# Records to use
++++++++

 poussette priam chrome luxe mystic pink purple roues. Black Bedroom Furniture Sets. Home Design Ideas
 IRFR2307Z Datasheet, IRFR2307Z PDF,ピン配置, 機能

++++++++

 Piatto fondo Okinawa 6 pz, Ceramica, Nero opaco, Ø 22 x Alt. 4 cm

++++++++

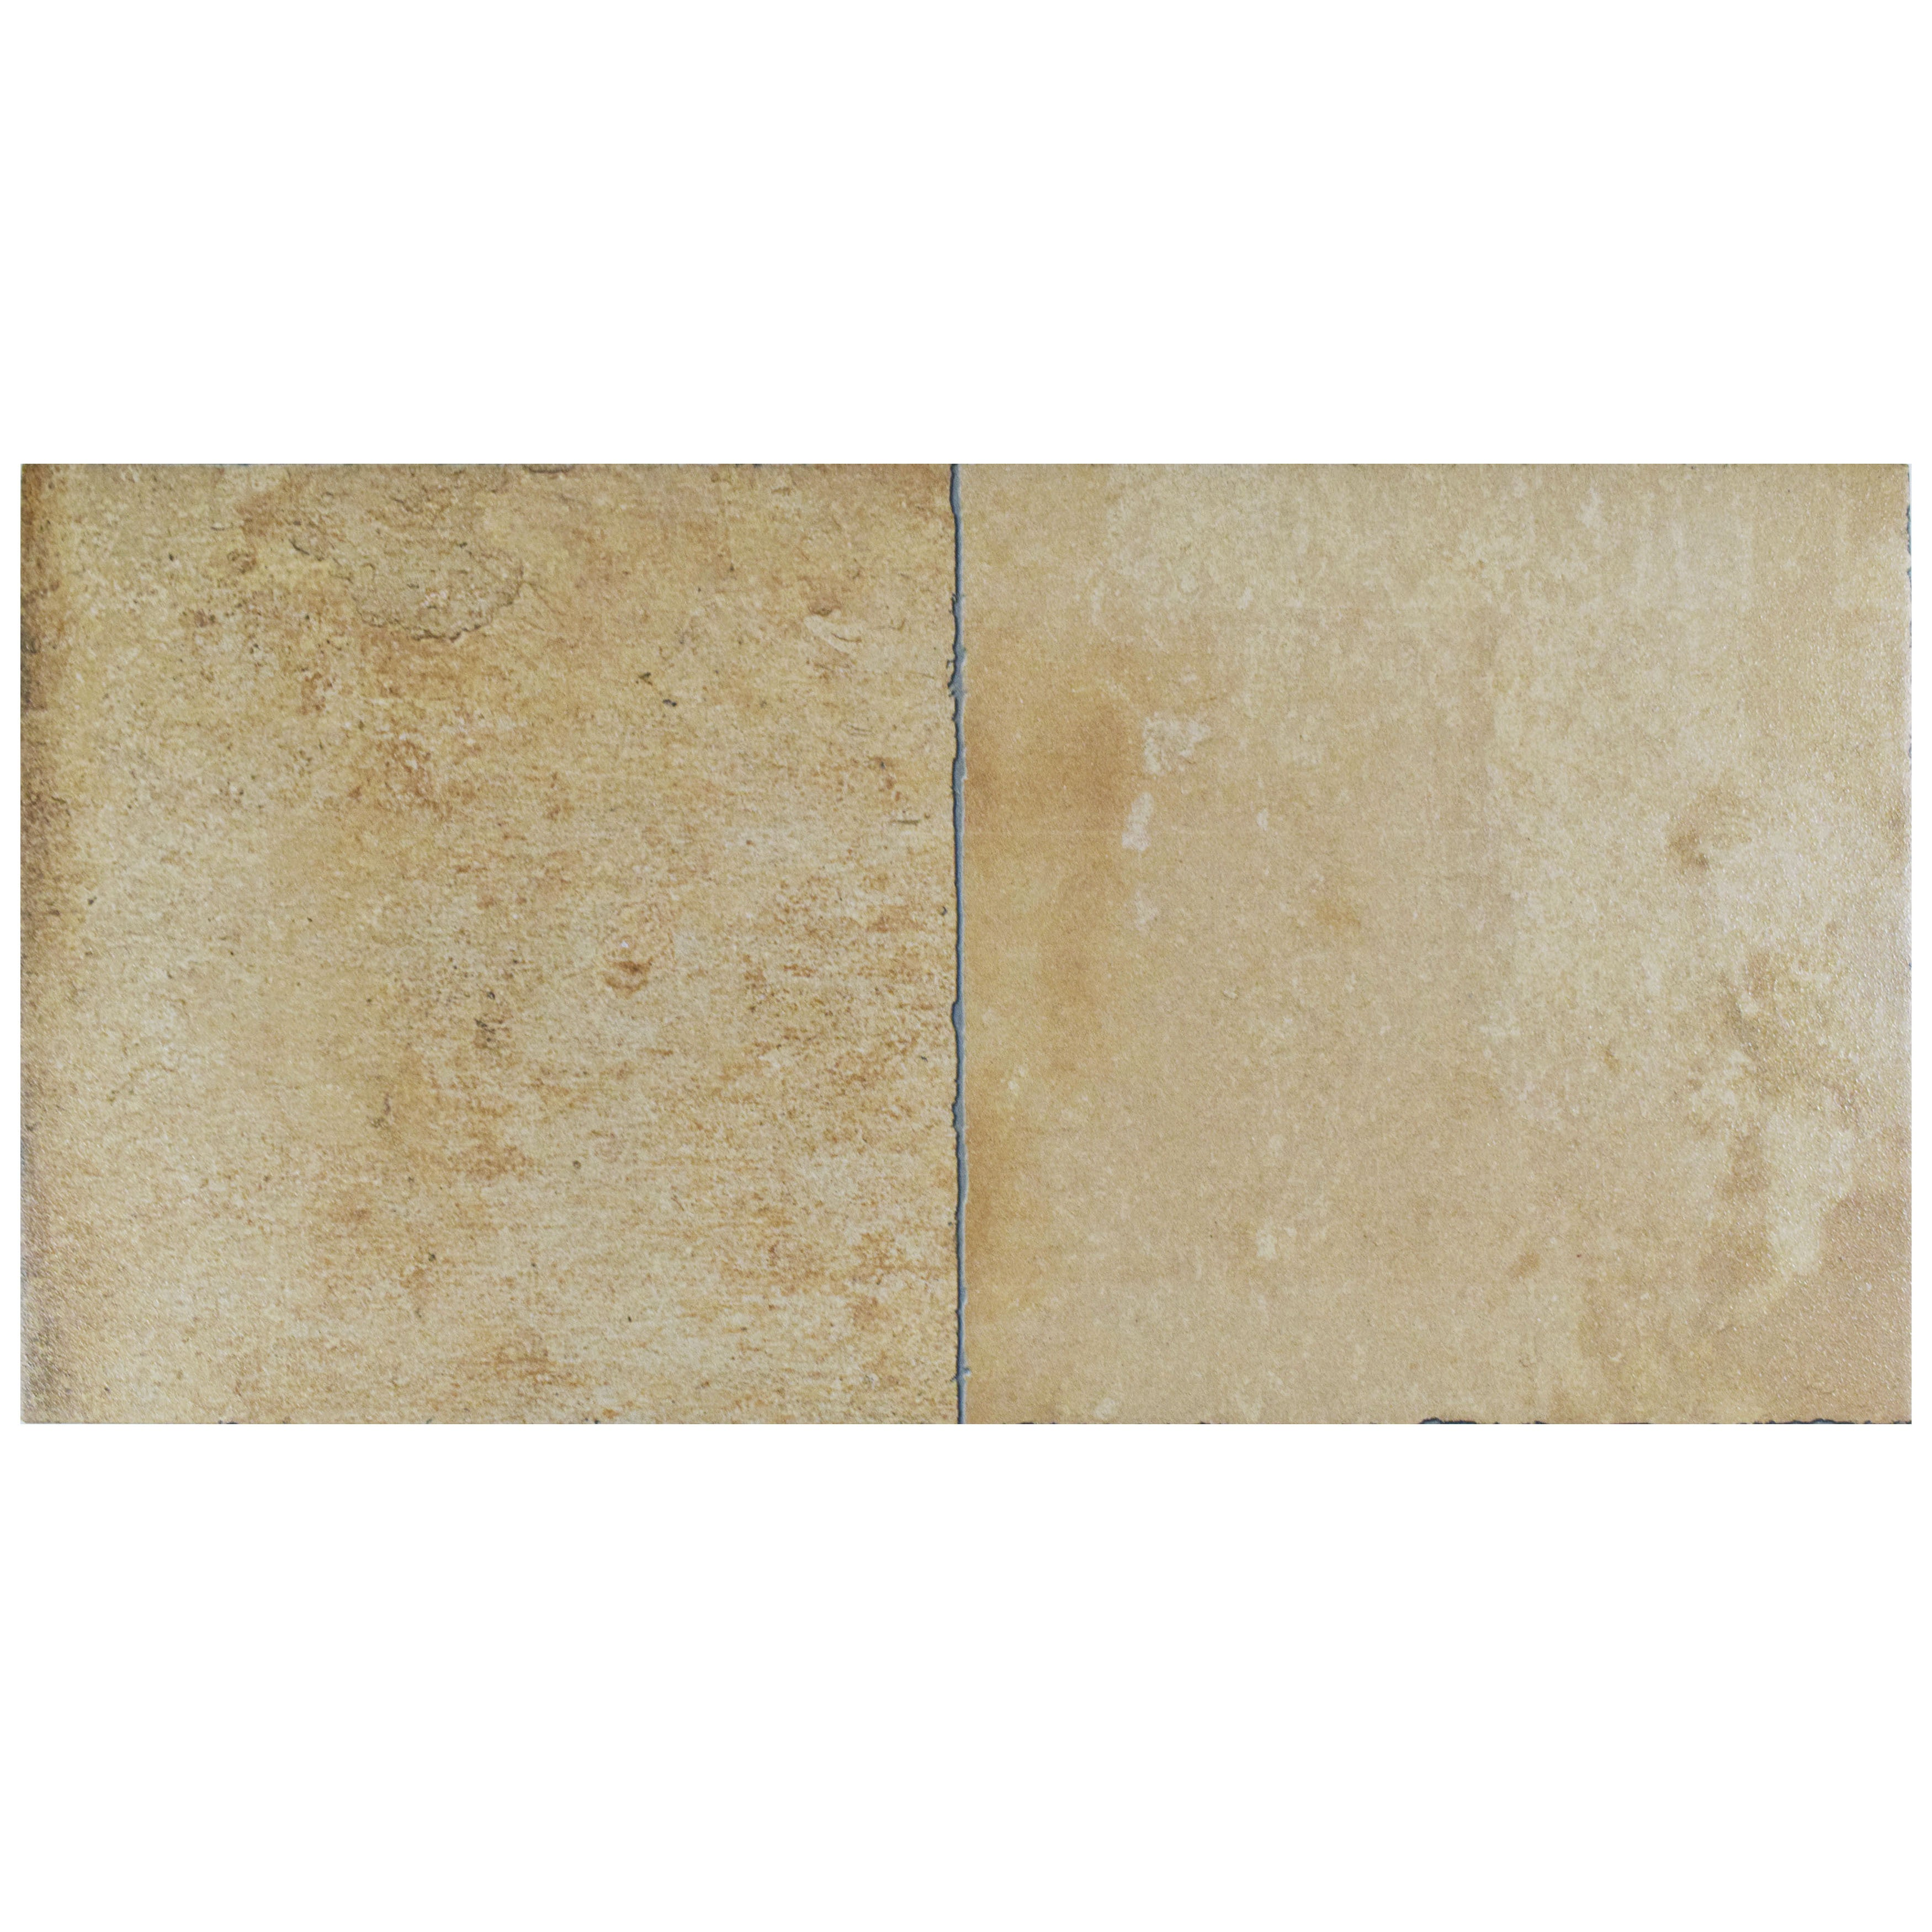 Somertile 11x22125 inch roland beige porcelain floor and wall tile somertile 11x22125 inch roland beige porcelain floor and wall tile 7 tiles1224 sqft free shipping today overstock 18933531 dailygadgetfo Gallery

++++++++

# Task to complete
Could you set down, word for word, only the lines above from the line with "poussette priam chrome" to the line with "IRFR2307Z Datasheet, IRFR2307Z PDF,ピン配置, 機能", including both?

# Task solution
 poussette priam chrome luxe mystic pink purple roues. Black Bedroom Furniture Sets. Home Design Ideas
 IRFR2307Z Datasheet, IRFR2307Z PDF,ピン配置, 機能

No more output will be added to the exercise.